Birra: flessione nel 2020 ma sempre bevanda tra le più consumate

“Anche durante la pandemia, la birra ha dato prova di ricoprire un ruolo di primo piano nel panorama dell’industria delle bevande e quindi per l’economia nazionale. Non solo si è confermata bevanda da pasto per eccellenza, ma vero e proprio catalizzatore di connessioni e protagonista indiscussa di momenti di socialità.  Al di là, quindi, del quadro difficile che emerge dalla lettura dei dati del nostro Annual Report 2020, crediamo sia indispensabile ricostruire sin da subito le premesse per dare nuovo impulso al potenziale di sviluppo italiano. Per ripartire, dobbiamo sostenere la capacità di investimento delle imprese, garantire misure di rafforzamento della struttura finanziaria, puntare sulla competenza e sulla formazione dei lavoratori, giovani e donne in primis. Non solo, il Piano Nazionale di Ripresa e Resilienza va tradotto in azioni concrete volte a promuovere innovazione, qualità e sostenibilità. L’industria della birra e AssoBirra sono in prima linea per contribuire alla rinascita dell’Italia”. Così  Michele Cason, Presidente di AssoBirra, commenta il 2020 del comparto brasicolo italiano sulla base dell’Annual Report dell’associazione.

Un dato che risente della pandemia e che segna un calo fisiologico dei principali dati di mercato: nel 2020 la produzione nazionale di birra ha visto un calo dell’8,4%, accompagnato da una netta flessione dei consumi pari all’11,4% e da una più contenuta diminuzione dell’export che ha segnato una decrescita del 4,8%, a causa delle restrizioni imposte dalle misure per il contenimento dell’emergenza Covid-19.

Ciò nonostante nel 2020 la birra è stata la bevanda più consumata dagli italiani, persino durante il lockdown.

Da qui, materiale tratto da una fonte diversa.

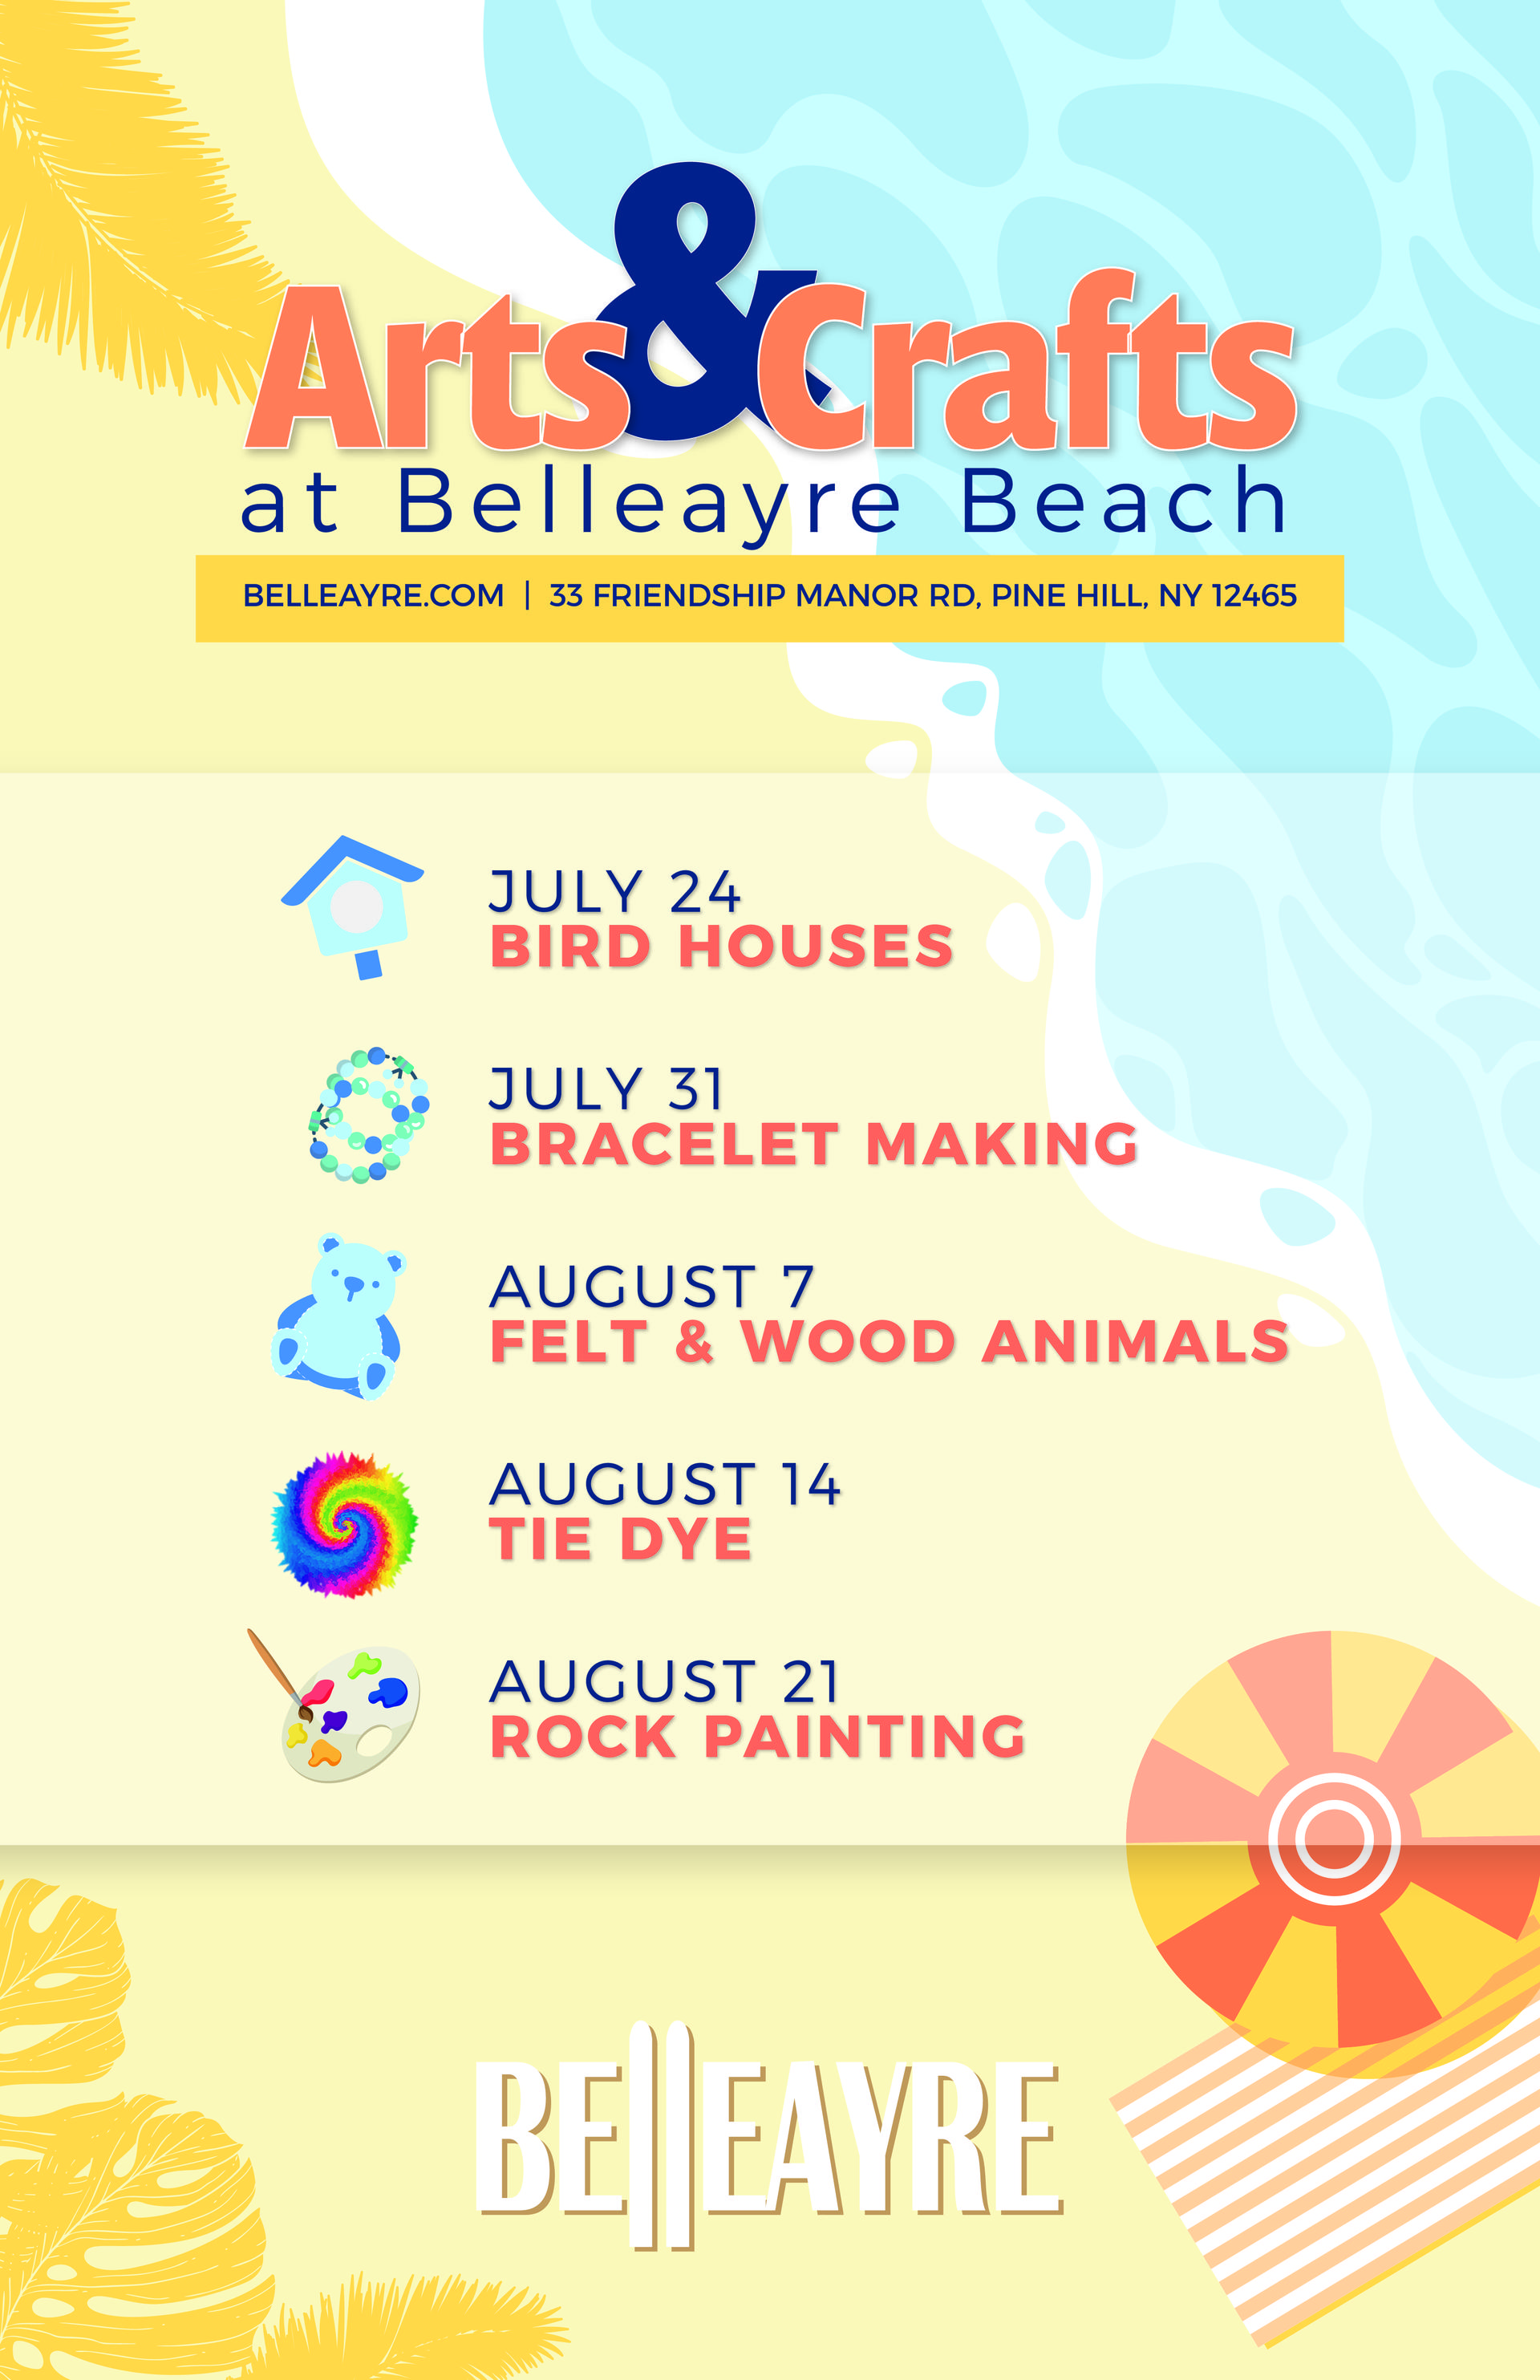 Arts & Crafts at Belleayre Beach

Il 2020, dice il rapporto di AssoBirra, è stato sicuramente un anno in salita, in cui la crisi pandemica ha toccato tutta la catena del valore generato dalla birra, in Italia come nel resto d’Europa, determinando un inevitabile contraccolpo sui dati di mercato. Secondo l’Annual Report 2020 di AssoBirra, la produzione nazionale di birra si è attestata a 15.829.000 ettolitri, calando dell’8,4% rispetto al 2019 (quando aveva raggiunto i 17.288.000 ettolitri) e i consumi – colpiti dalle restrizioni imposte nel fuori casa – hanno segnato un calo dell’11,4% (18.784.000 ettolitri nei confronti di un 2019 che aveva superato la quota dei 21 milioni di ettolitri).

Anche l’export, dopo anni di crescita, subisce un calo – seppur più contenuto – del 4,8% con volumi esportati pari a 3,3 milioni di ettolitri riconfermandosi comunque significativo nei Paesi a forte tradizione birraria, a dimostrazione della qualità della birra italiana. Tra i principali Paesi importatori troviamo ancora in pole position il Regno Unito (47,3%); gli USA (7,3%) e l’Australia (7%). Di contro si segnala un calo dell’import del 15%.

Per superare in pieno questa fase AssoBirra avanza due richieste al Governo: un sostegno immediato sulla birra alla spina attraverso un credito di imposta destinato direttamente all’Ho.Re.Ca. e nella prossima Legge di Bilancio una riduzione triennale delle accise che gravano sulla birra.